Riddhi Kumar is an Indian actress who primarily works in Telugu films. She made her acting debut with the Telugu film Lover (2018). She then made her Malayalam debut with Pranaya Meenukalude Kadal (2019) and Marathi debut with Dandam (2019). 

Kumar made her web debut with Candy (2021) and also appeared in the series Human (2022).

Early life
Kumar was born in Shirdi, Maharashta. Her father is in the Indian Army. She completed her graduation with Bachelors in Philosophy.

Career
Kumar made her acting debut in 2018 with the Telugu film Lover opposite Raj Tarun. The film received mixed to negative reviews. The same year, she appeared in the telugu film Anaganaga O Premakatha opposite Viraj Ashwin. It received negative reviews.

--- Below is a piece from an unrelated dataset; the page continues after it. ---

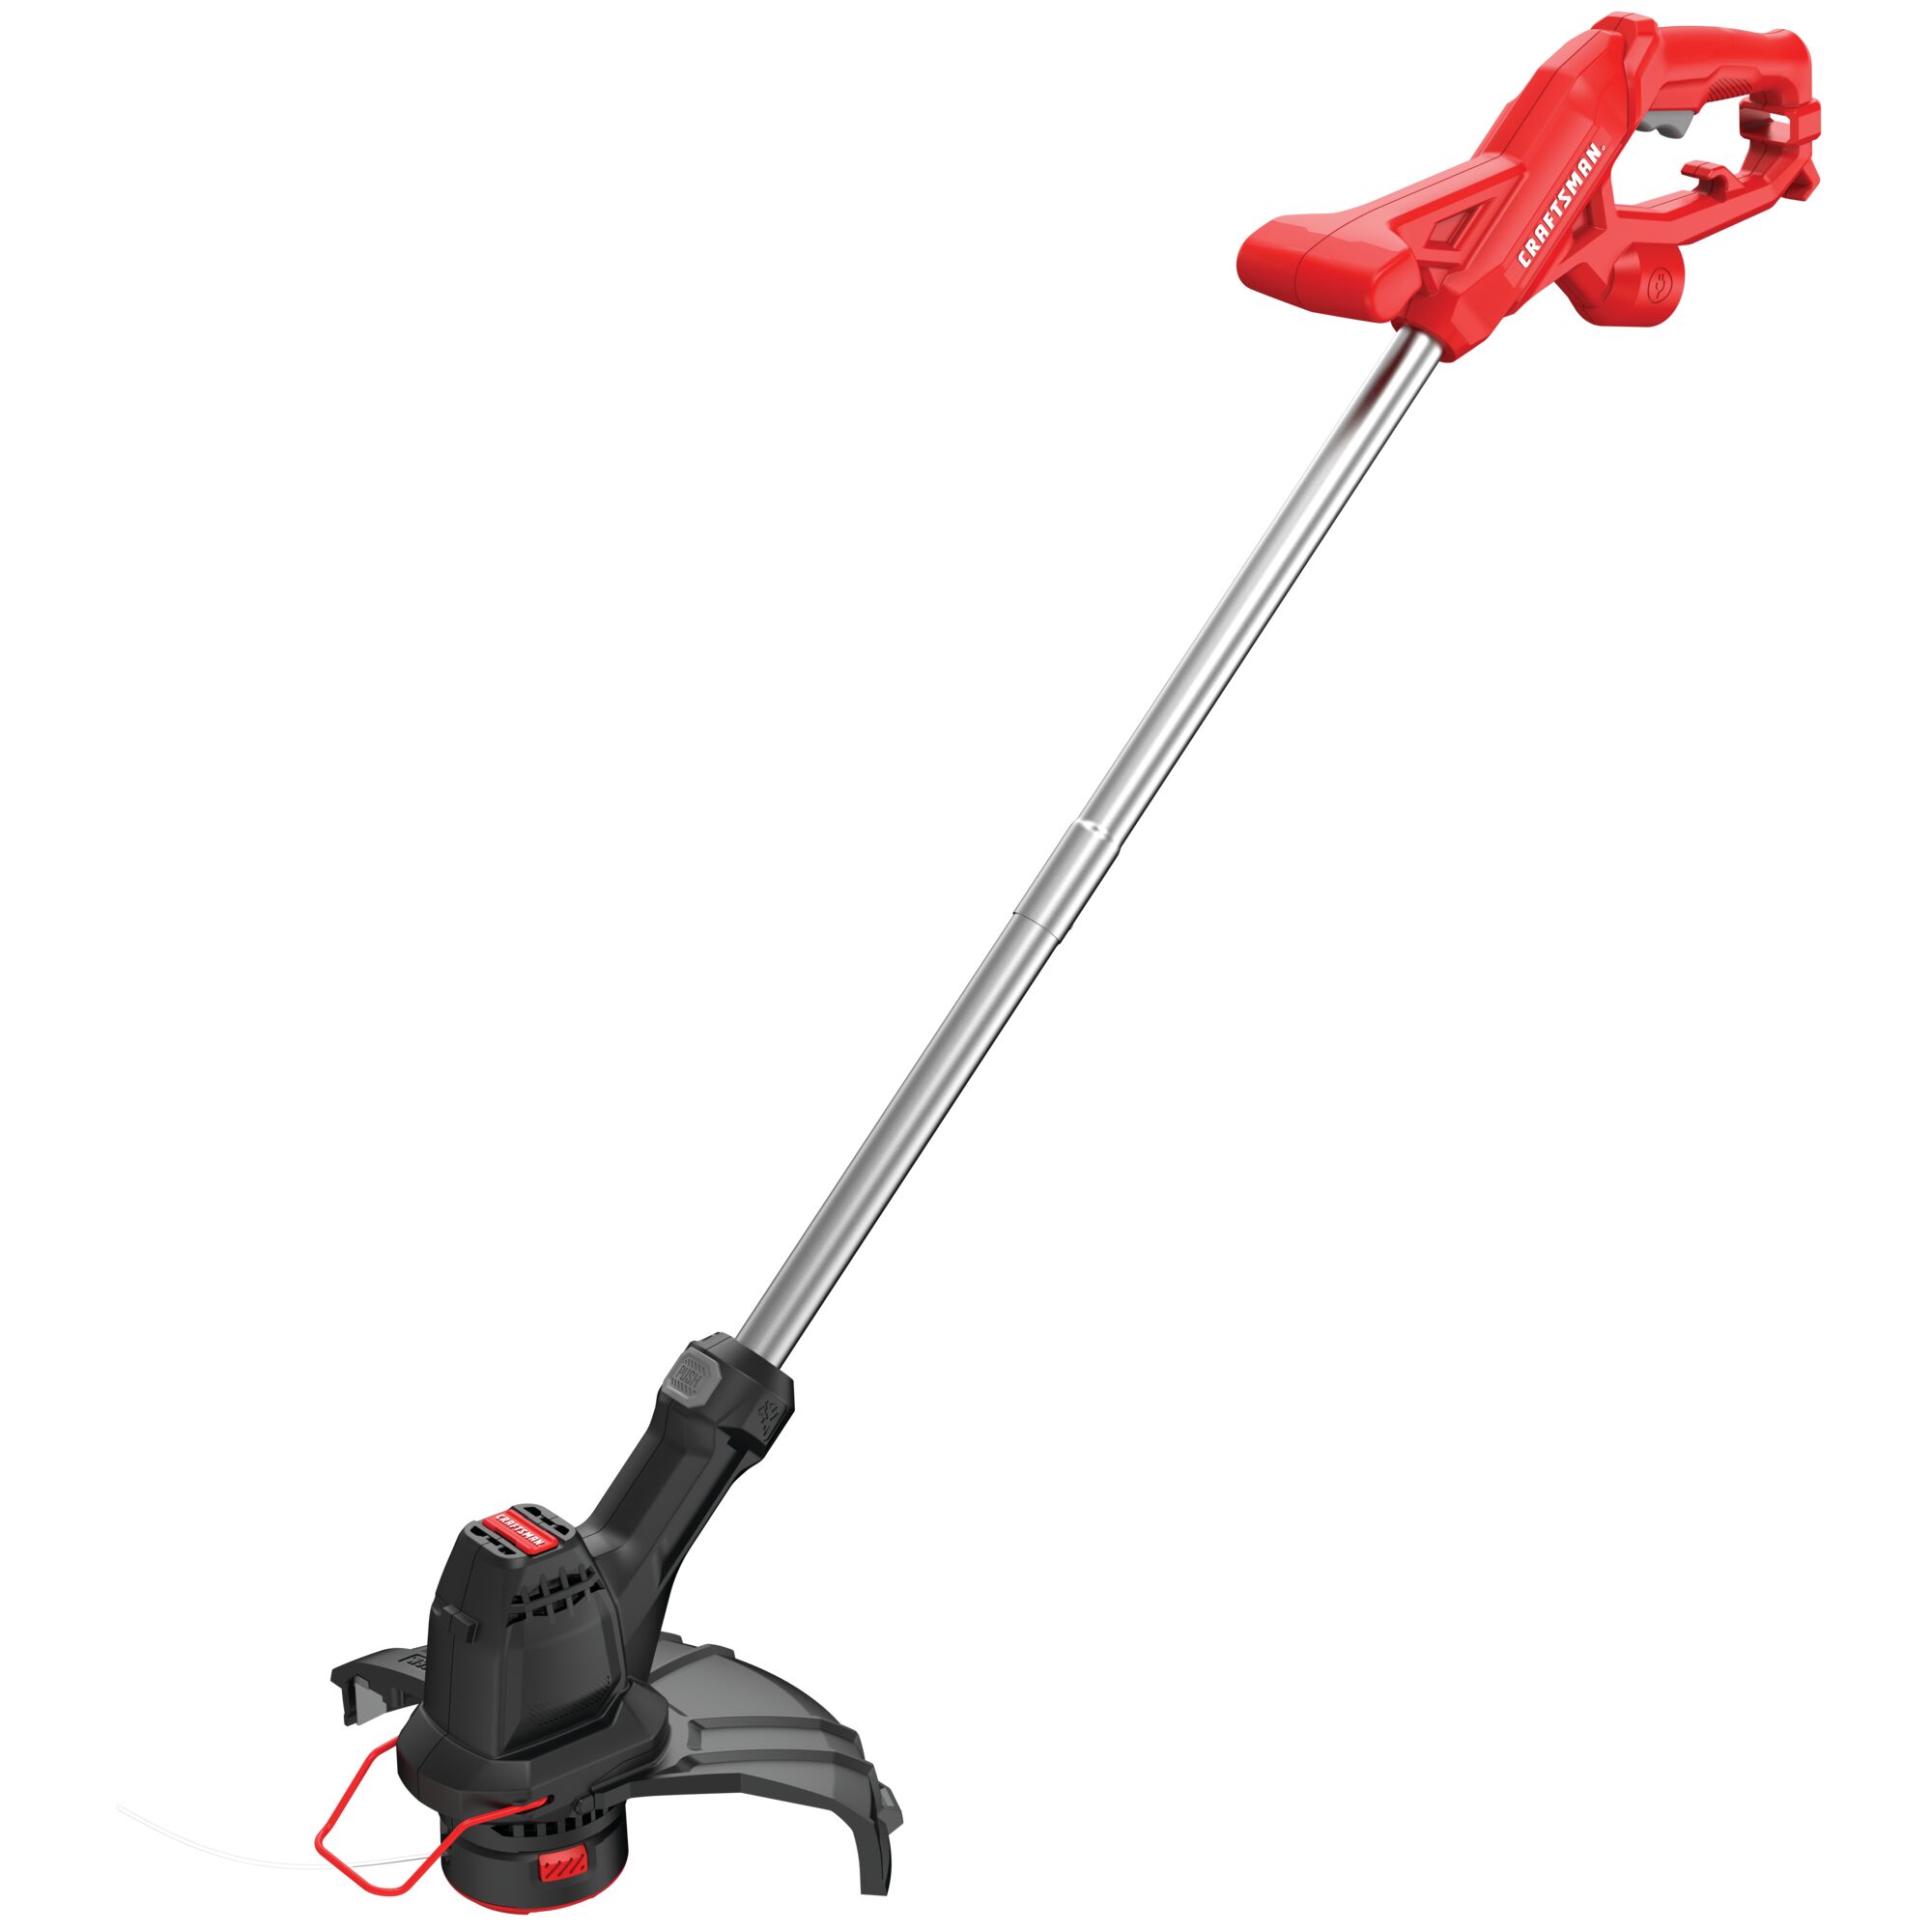 Profile of 3 dot 5 amp 12 inch corded string trimmer cum edger.

In 2019, she made her Malayalam film debut with Pranaya Meenukalude Kadal alongside Vinayakan and Dileesh Pothan. She also made her Marathi film debut in 2019 with Dandam  opposite Sangram Chaughule. It received mixed reviews.

Kumar made her web debut with the Hindi series Candy alongside Ronit Roy and Richa Chaddha. In 2022, she appeared in the Hindi series Human alongside Shefali Shah and Kirti Kulhari.

She then appeared in the 2022 Telugu-Hindi bilingual Radhe Shyam alongside Prabhas. The film received mixed reviews and was a box office bomb. 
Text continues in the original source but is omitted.